# help with a Raleigh cycle computer



## Scotmitchy (3 Aug 2010)

I have a wireless raleigh computer, which came with basic instructions on how to set it up, none on how to actually work it. However, I have lost those original instructions anyway, and am about to get a new bike.

I have tried emailing Raleigh, but so far have had no reply.

When calibrating the computer I need to put in a four digit figure (maybe the diameter or something) so it can work out what my mileage is. My new bike is a Trek 7.3 WSD 17 inch frame. Does anyone know what figure I need to put in here?

Also, can any give me an idiot guide to how to start it each time I go out, and how to use it?

This is the computer I have .... http://raleigh.co.uk/p_details.aspx?id=1440

Thanks in advance

Mitchy


----------



## HLaB (3 Aug 2010)

2155mm

From google the trek 7.3 has 700x32mm tyres and all the computer I've had (including my raleigh) have asked for the circumference in mm (type F in Sheldon's table).

With my Raleigh there isn't much to it, when you place it in the mount its got a small button on the back which is automatically triggered.

My Cateye is either auto (what I've got it set to) or manual. Auto means that it automatically starts and stops when the wheel moves. Manual just means you just have to start and stop it manually by pushing a button.
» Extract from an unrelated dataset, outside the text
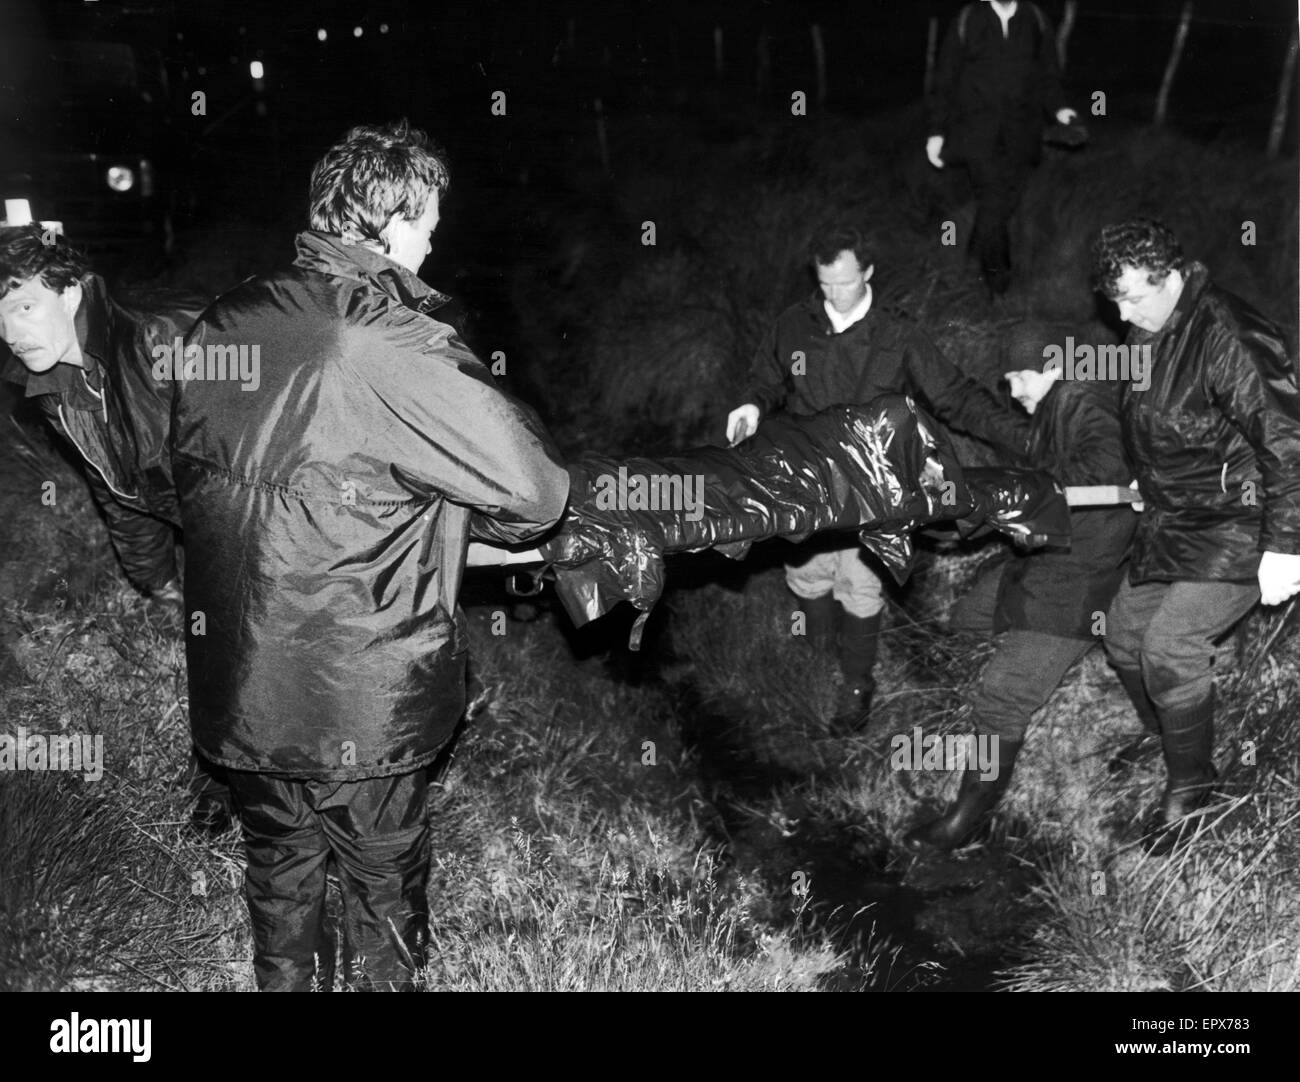 Reste von Pauline Reade, direkt am Saddleworth Moor, in der Nähe von Oldham, in den frühen Morgenstunden des 1. Juli 1987. Pauline Reade wurde entführt und getötet von Ian Brady und Myra Hindley auf 12. Juli 1963. Stockfoto

Maybe somebody can give you specific info.


----------



## tyred (4 Aug 2010)

I have the wired Raleigh computer but I doubt it will differ much from a functionallity point of view. It will stop and start automatically. There are two buttons on on the front of mine, the right hand one changes the display mode (av speed, distance covered, max speed, time, etc) and if you put it on distance and hold in the right hand button for a few seconds, it will reset the distance covered and the average speed. It still holds the total distance covered under a seperate display.


----------



## Garz (4 Aug 2010)

The four digits are for the wheel circumference which usually have a small table to refer to on the instructions. You can measure this by a wheel revolution marking it with chalk (from valve as a reference point).


----------



## mcshroom (4 Aug 2010)

The number is the circumference and would be 2155 for 700x32c tyres

I had the same one before I decided I could adjust the front pickup (which I'd placed behind the fork!) while riding along - made a nice mess


----------



## Scotmitchy (4 Aug 2010)

Thanks guys.


----------